Daiichi Sankyo Posts First Loss

TOKYO -- Daiichi Sankyo Co. Tuesday reported a hefty loss for the financial year ended March due to the write-down of its investment in India's Ranbaxy Laboratories Ltd., and projected only a modest recovery this year under the weight of costs in bringing new products to the market.

Its net loss came to 335.80 billion yen, deeper than a 316 billion yen ($3.24 billion) loss the company forecast in late January and a consensus loss of 324 billion yen compiled by Thomson Reuters based on 14 analysts' forecasts.

The loss, however, was in line with market expectations following a local media report about the company's financial outlook earlier this month.

The first ever loss at Japan's third largest pharmaceutical maker by revenue and market capitalization, created from a merger of Sankyo and Daiichi Pharmaceutical in 2005, comes from heavy falls in the share price of Ranbaxy which it acquired last year.

Daiichi Sankyo agreed to buy a majority stake in Ranbaxy before the Food and Drug Administration of the U.S. in September banned the Indian generic drug maker from importing more than 30 generic drugs into the U.S. because of manufacturing violations at two plants in India.

Daiichi Sankyo, known for its blood pressure-lowering drug Benicar/Olmetec and antibacterial agent Cravit/Levaquin, said its sales in the just ended financial year slipped 4.3% to 842.15 billion yen mainly due to the strong yen.

While Daiichi Sankyo is considered by analysts to have the most promising list of new drugs in the development pipeline among Japanese pharmaceutical makers, such products won't come to market and boost the company's profits so soon.

Daiichi Sankyo forecasts a 14% rise in sales to 960 billion yen this financial year to March 2010, with 40 billion yen in net profit - or 59 billion yen before consolidation of Ranbaxy. However, this is far short of 97.66 billion yen net profit booked in the year ended March 2008, just before the Indian company acquisition.

Despite solid sales of its main drugs, the Japanese company expects the stronger yen and costs for clinical studies and sales promotion for new treatments - including heart drug Effient/Efient and blood clot preventing edoxaban - to hinder its profit recovery this year.
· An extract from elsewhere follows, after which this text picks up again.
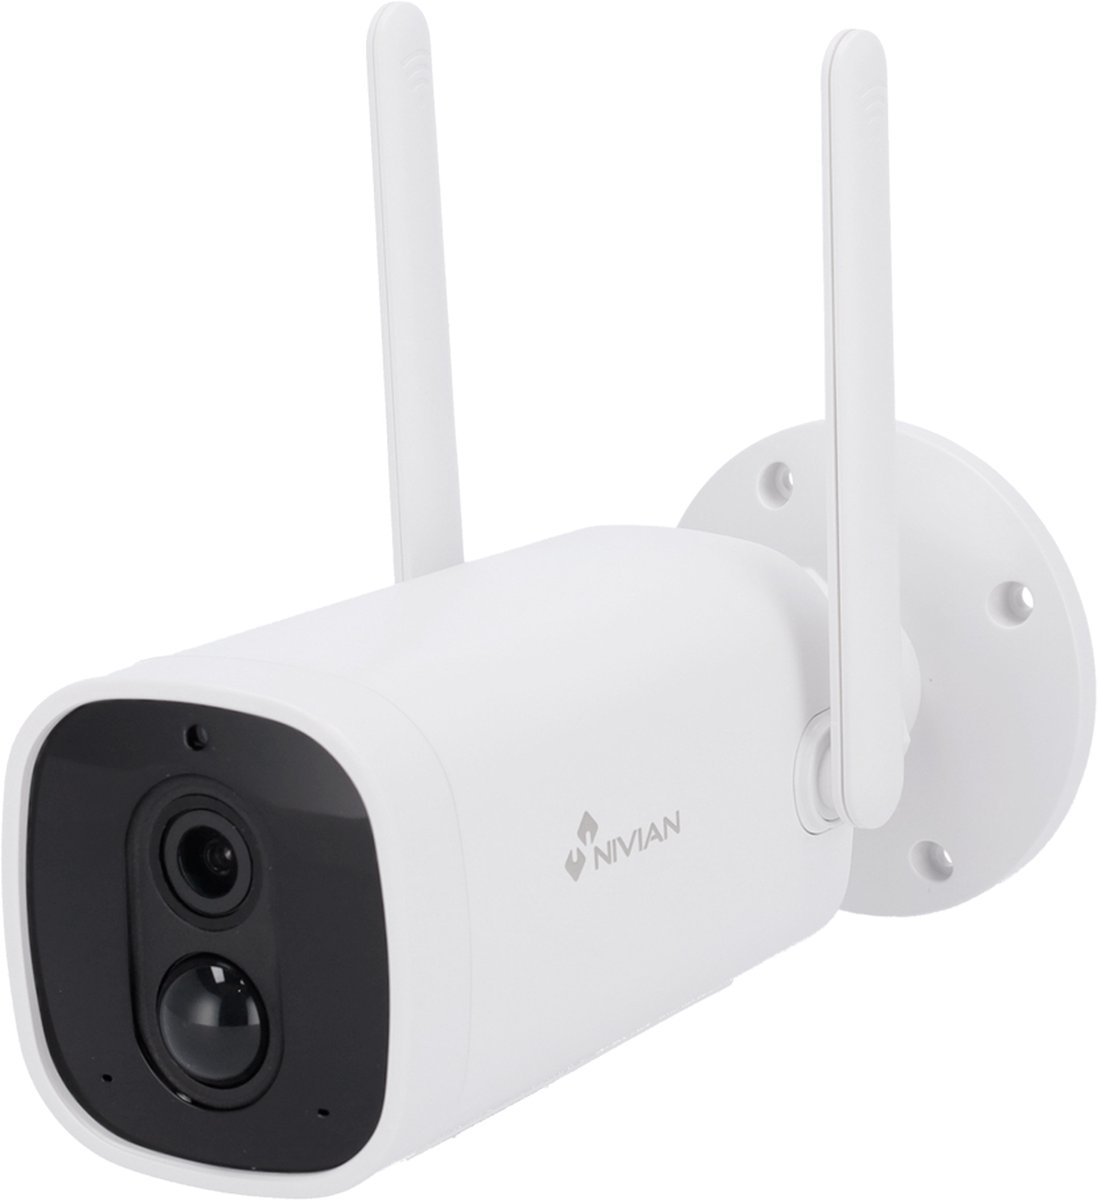 Beaumar ® Nivian NVS-IPC-06-BAT outdoorcamera - accu camera - wifi camera - beveiligingscamera - 3 jaar garantie - camera beveiliging draadloos wifi - 10400mah

The modest profit guidance triggered heavy selling in Daiichi Sankyo's shares on the Tokyo Stock Exchange, losing 9.3% to 1,653 yen in heavy trading.

On Monday, Takeda Pharmaceutical Co., Japan's largest drug maker by revenue, also reported a net loss for the year ended March and provided unimpressive guidance for this financial year due to acquisition costs, the strong yen and limited contributions from new drugs.